▶ [WHAT NEEDS TO BE DONE] Set down exactly the lines below, starting at the one that contains "Three Layered Wedding Cakes" and ending at the one that contains "หลักสูตร ข้อกำหนดของมาตรฐาน ISO", with both of those lines included and nothing else.

▶ [DATA FOR THIS EXERCISE]
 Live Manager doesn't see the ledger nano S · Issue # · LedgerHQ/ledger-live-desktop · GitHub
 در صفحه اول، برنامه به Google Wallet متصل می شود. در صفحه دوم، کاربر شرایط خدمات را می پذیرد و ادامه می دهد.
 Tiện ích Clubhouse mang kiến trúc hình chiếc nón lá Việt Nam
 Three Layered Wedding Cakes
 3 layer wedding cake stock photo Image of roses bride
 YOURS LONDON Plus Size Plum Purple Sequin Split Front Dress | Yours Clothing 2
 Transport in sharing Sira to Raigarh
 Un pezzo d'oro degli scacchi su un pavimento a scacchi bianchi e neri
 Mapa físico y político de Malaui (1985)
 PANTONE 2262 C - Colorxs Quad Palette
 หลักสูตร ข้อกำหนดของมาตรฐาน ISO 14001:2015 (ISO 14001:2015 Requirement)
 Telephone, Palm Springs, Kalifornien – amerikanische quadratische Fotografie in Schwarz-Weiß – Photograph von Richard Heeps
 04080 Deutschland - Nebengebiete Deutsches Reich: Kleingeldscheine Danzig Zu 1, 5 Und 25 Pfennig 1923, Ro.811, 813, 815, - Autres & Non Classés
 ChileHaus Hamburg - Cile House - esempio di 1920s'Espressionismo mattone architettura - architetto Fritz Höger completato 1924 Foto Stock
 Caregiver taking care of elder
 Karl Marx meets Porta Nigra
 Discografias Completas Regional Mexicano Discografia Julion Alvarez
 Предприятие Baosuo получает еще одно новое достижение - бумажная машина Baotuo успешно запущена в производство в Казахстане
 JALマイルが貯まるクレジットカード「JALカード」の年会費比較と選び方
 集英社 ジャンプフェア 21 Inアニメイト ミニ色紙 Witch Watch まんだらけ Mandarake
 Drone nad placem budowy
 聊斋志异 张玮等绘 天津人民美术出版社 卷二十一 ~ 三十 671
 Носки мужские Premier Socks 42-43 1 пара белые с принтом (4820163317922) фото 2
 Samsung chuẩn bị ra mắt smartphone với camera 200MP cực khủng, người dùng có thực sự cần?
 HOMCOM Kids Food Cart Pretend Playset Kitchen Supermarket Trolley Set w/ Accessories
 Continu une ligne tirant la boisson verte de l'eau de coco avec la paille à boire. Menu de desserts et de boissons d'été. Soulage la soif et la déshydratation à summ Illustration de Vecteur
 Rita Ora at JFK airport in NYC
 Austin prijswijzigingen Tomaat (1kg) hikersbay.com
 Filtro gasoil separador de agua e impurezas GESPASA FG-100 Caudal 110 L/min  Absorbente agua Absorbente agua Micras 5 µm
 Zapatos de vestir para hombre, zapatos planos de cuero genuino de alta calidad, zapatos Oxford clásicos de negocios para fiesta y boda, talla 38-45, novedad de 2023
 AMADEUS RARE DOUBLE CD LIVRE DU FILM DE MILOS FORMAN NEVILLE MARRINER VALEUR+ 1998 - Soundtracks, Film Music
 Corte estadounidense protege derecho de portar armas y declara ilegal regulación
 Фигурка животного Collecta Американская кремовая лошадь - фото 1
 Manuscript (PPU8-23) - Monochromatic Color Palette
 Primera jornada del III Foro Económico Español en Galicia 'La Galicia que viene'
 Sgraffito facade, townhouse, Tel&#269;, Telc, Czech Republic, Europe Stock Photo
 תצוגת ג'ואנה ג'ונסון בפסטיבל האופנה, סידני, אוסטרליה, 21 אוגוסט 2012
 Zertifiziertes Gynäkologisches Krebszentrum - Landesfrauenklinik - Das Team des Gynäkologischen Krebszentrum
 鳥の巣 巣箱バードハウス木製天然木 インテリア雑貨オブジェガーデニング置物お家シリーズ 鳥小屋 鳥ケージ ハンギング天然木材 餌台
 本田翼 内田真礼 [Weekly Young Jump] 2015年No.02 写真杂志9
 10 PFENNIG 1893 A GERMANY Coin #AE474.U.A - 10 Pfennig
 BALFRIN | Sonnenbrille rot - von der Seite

▶ [OUTPUT OF THE EXERCISE]
 Three Layered Wedding Cakes
 3 layer wedding cake stock photo Image of roses bride
 YOURS LONDON Plus Size Plum Purple Sequin Split Front Dress | Yours Clothing 2
 Transport in sharing Sira to Raigarh
 Un pezzo d'oro degli scacchi su un pavimento a scacchi bianchi e neri
 Mapa físico y político de Malaui (1985)
 PANTONE 2262 C - Colorxs Quad Palette
 หลักสูตร ข้อกำหนดของมาตรฐาน ISO 14001:2015 (ISO 14001:2015 Requirement)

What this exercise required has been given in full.